Cape Town - Although a ratings downgrade of the economy is an almost certainty, the markets will not be surprised, a survey shows.
RMB Global Markets Research said on Friday that 84% of the respondents in their survey of professional investors in and outside South Africa expect the country to lose investment grade credit status in the next year.
The overwhelming majority of the respondents said although the timing of the downgrade is still uncertain, the markets have already priced in the move.
Ratings agency Standard & Poor's (S&P), which rate South Africa at BBB-, one notch above sub-investment grade or “junk” status with a negative outlook, can however give its verdict on the state of the economy as early as June.
S&P associate director Gardner Rusike said last week at an investor conference in Johannesburg that his agency was set to review and issue its latest report on South Africa in June.
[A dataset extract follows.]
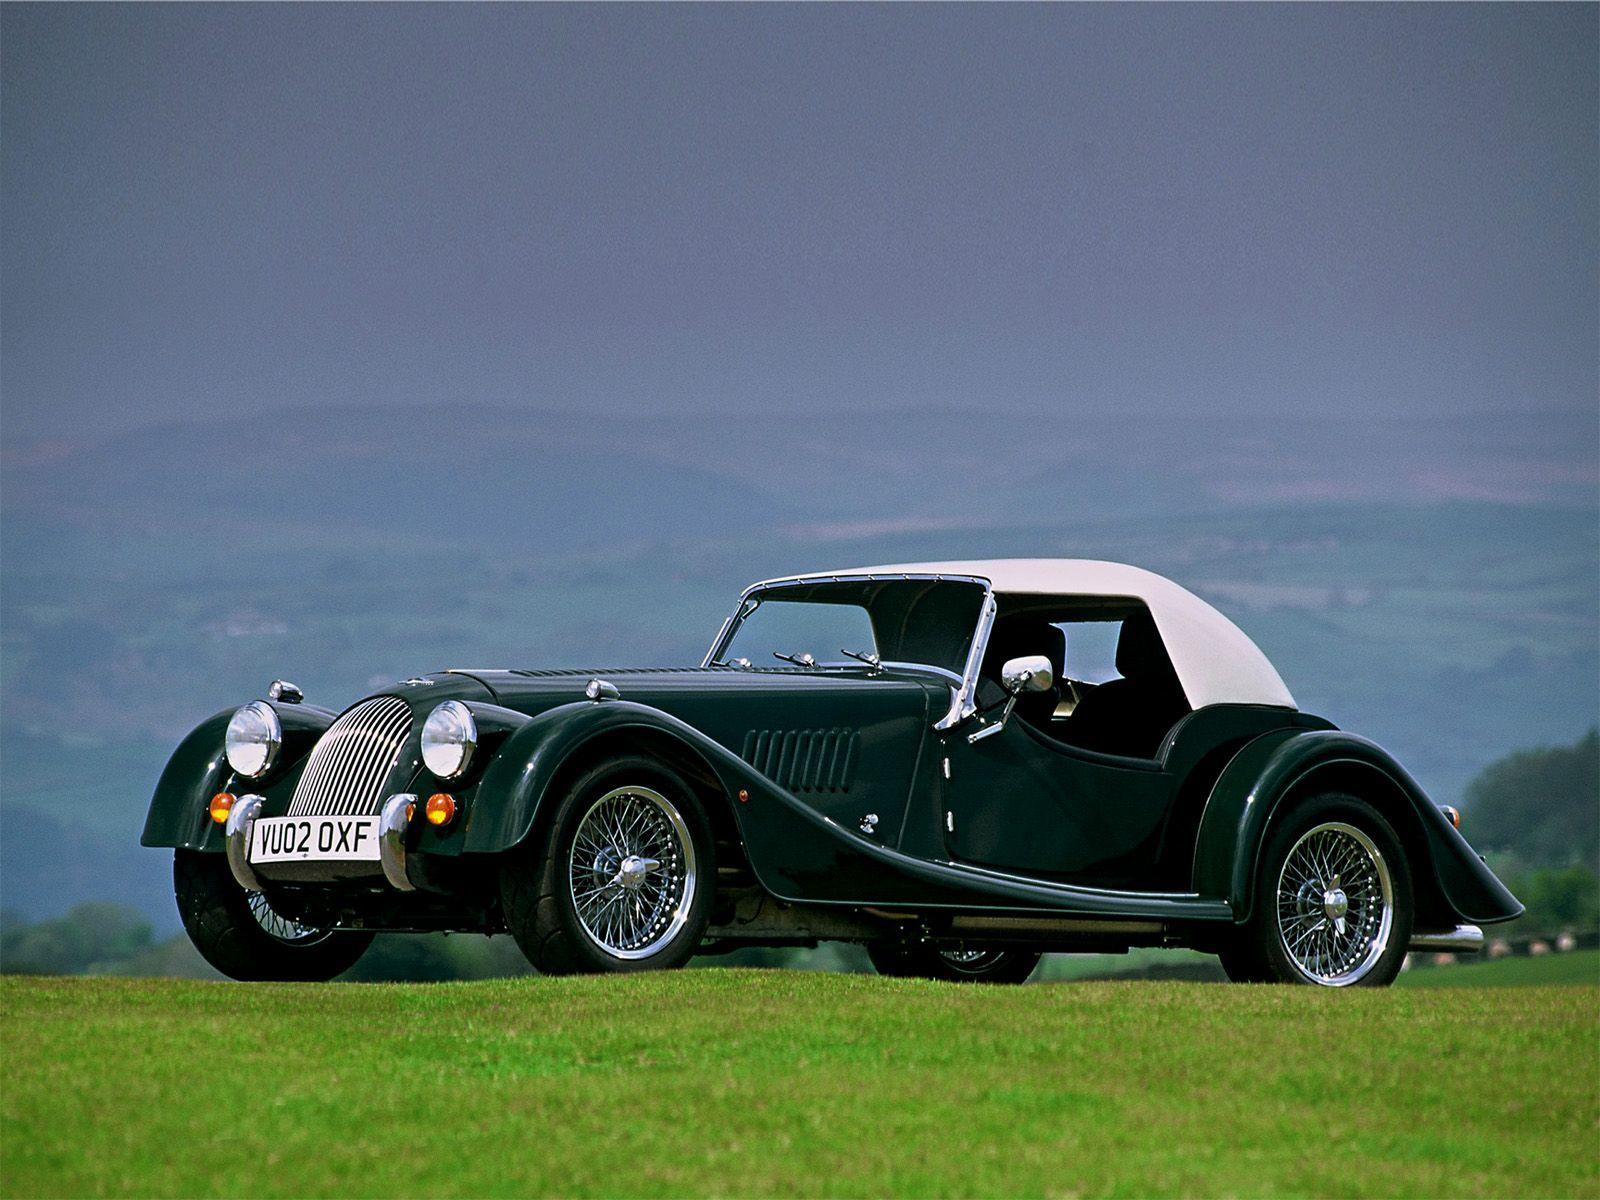 1968 Morgan Plus 8 #cars #coches | MORGAN | Pinterest | Cars and ...

Rusike cited political upheavals in South Africa as a real risk to the country's sovereign credit rating.
"Recently we have seen focus shift to political issues in parliament and the Constitutional Court, and this could divert government's attention from issues around policy implementation," Rusike said.
Moody's Investor Service, which currently rates South Africa two notches above sub-investment grade for foreign currency debt, is also expected to give its verdict on the SA economy in June.
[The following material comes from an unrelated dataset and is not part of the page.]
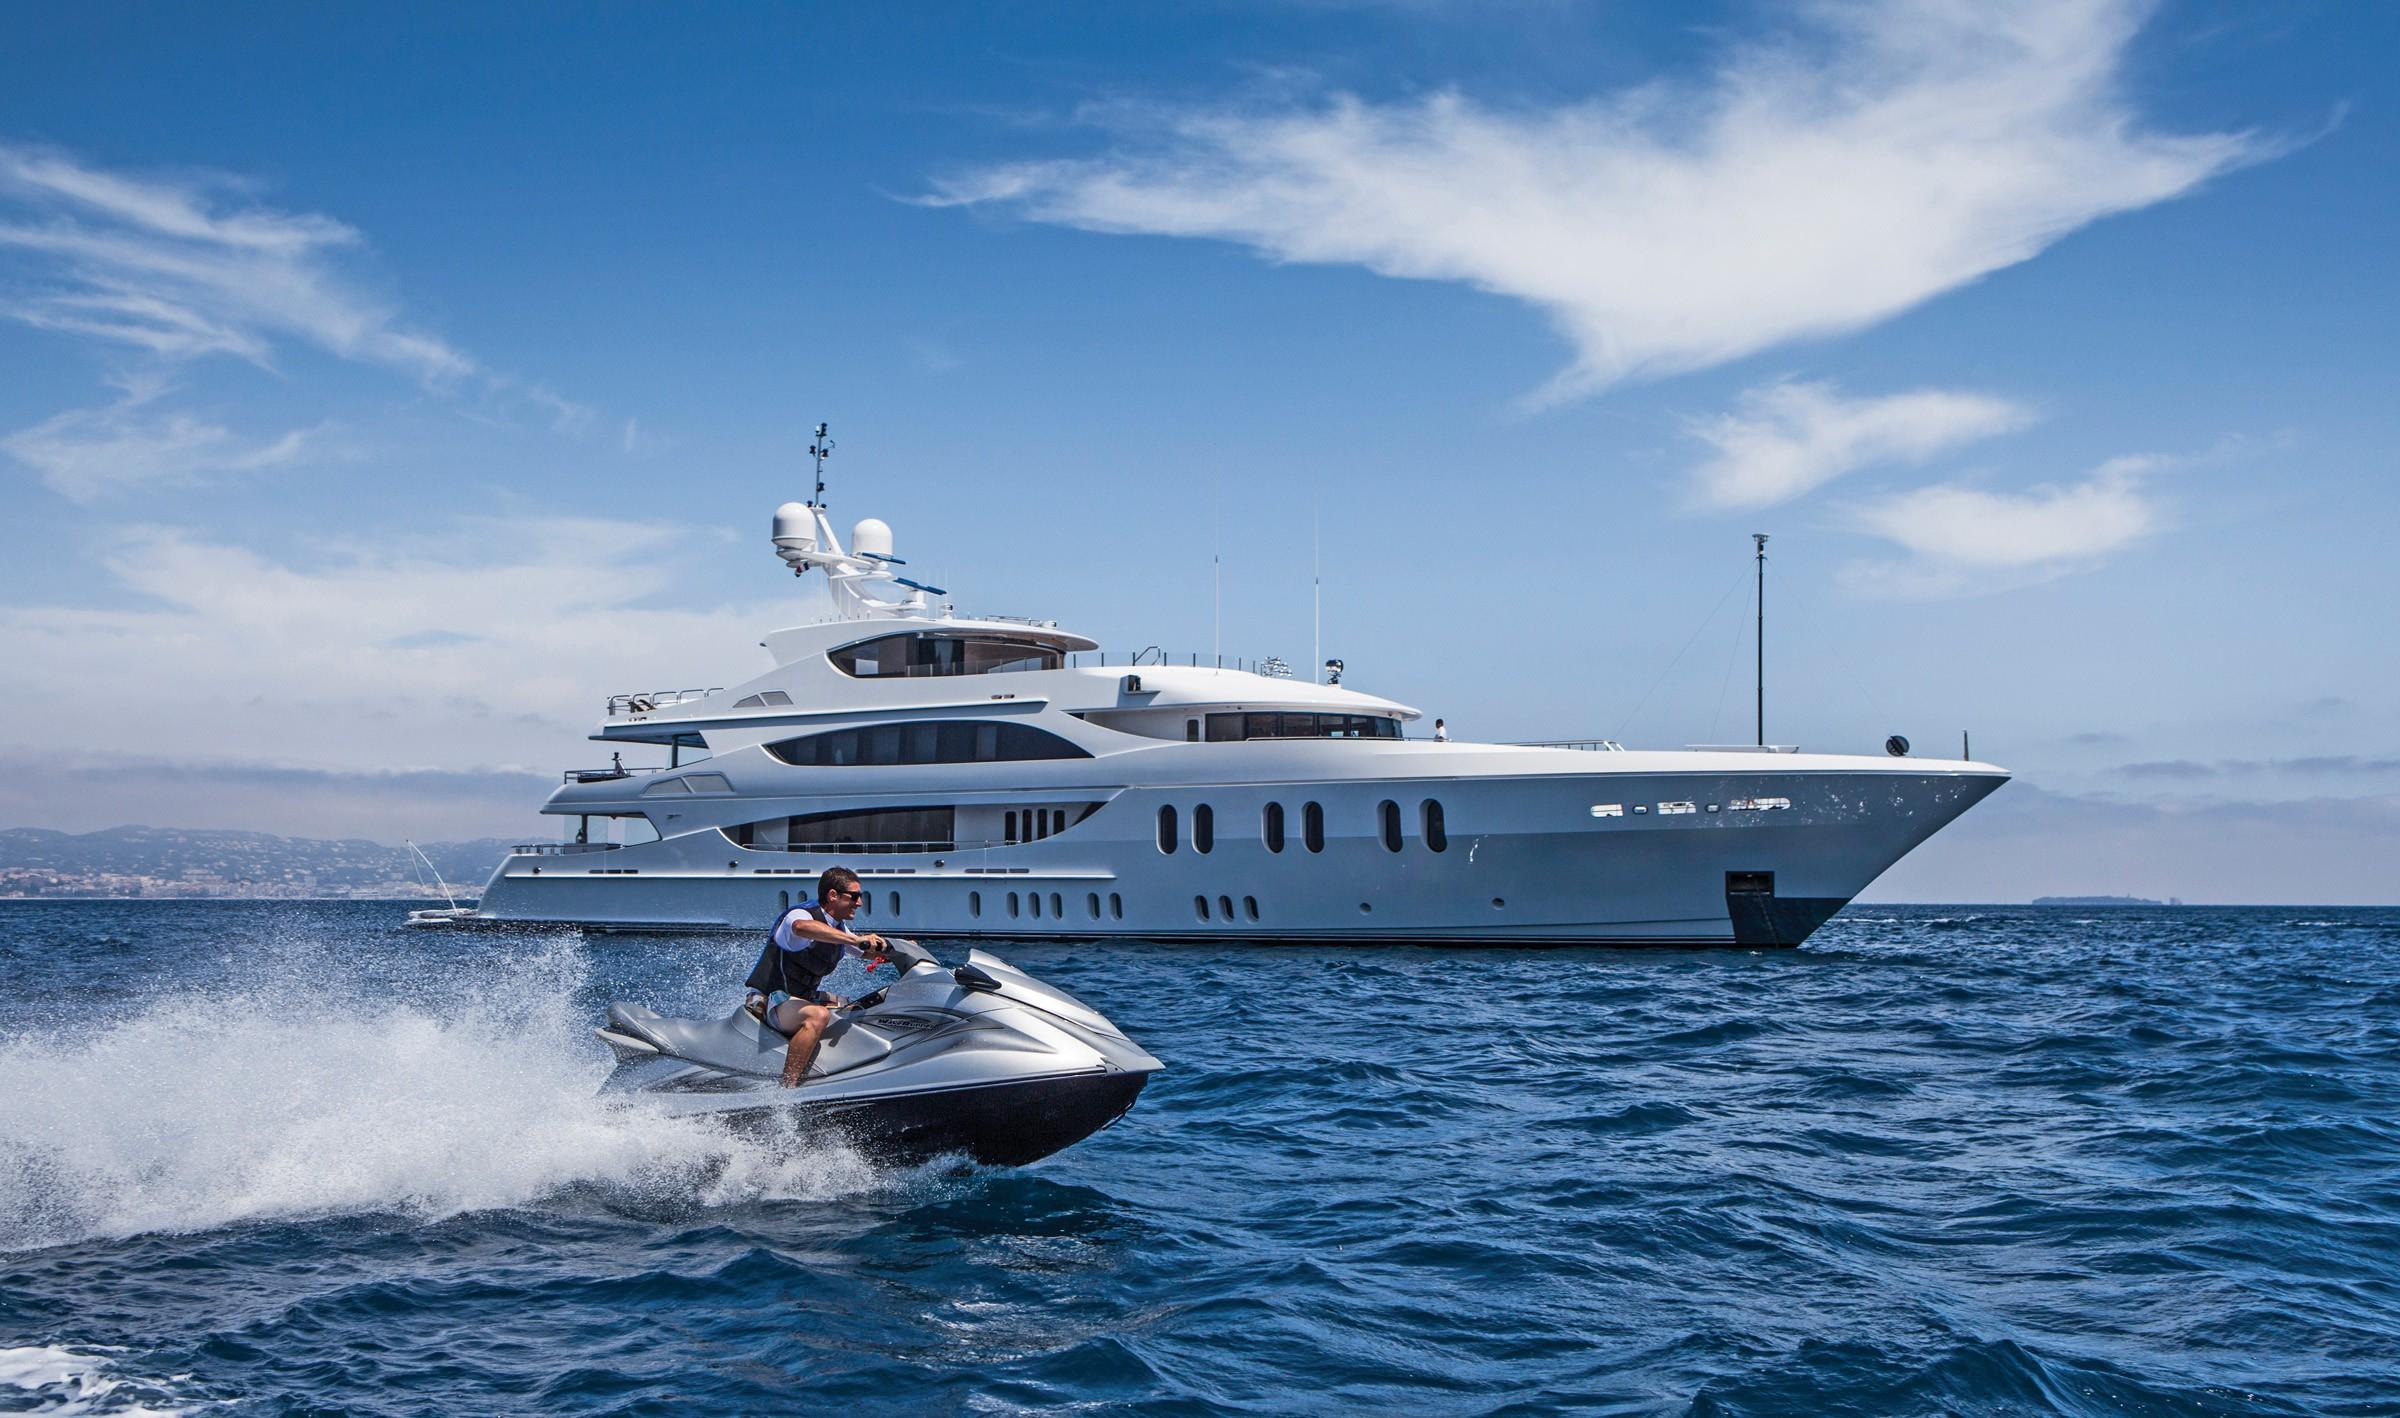 57m motor yacht by Trinity Yachts

In March, Moody's placed the Baa2 bond and issuer ratings of the SA government on review for downgrade.
The agency typically concludes reviews within 90 days. This means that the agency could issue its review report by June 8 or earlier.
Along with S&P, Fitch also rates South Africa at BBB-.
More than 90% of RMB survey participants fear that a downgrade would have a negative impact on their businesses, with 47.2% stating this would happen through the negative impact on the economy.
The rest stated exchange rate weakness, higher interest and market volatility as real threats to their business should South Africa get downgraded.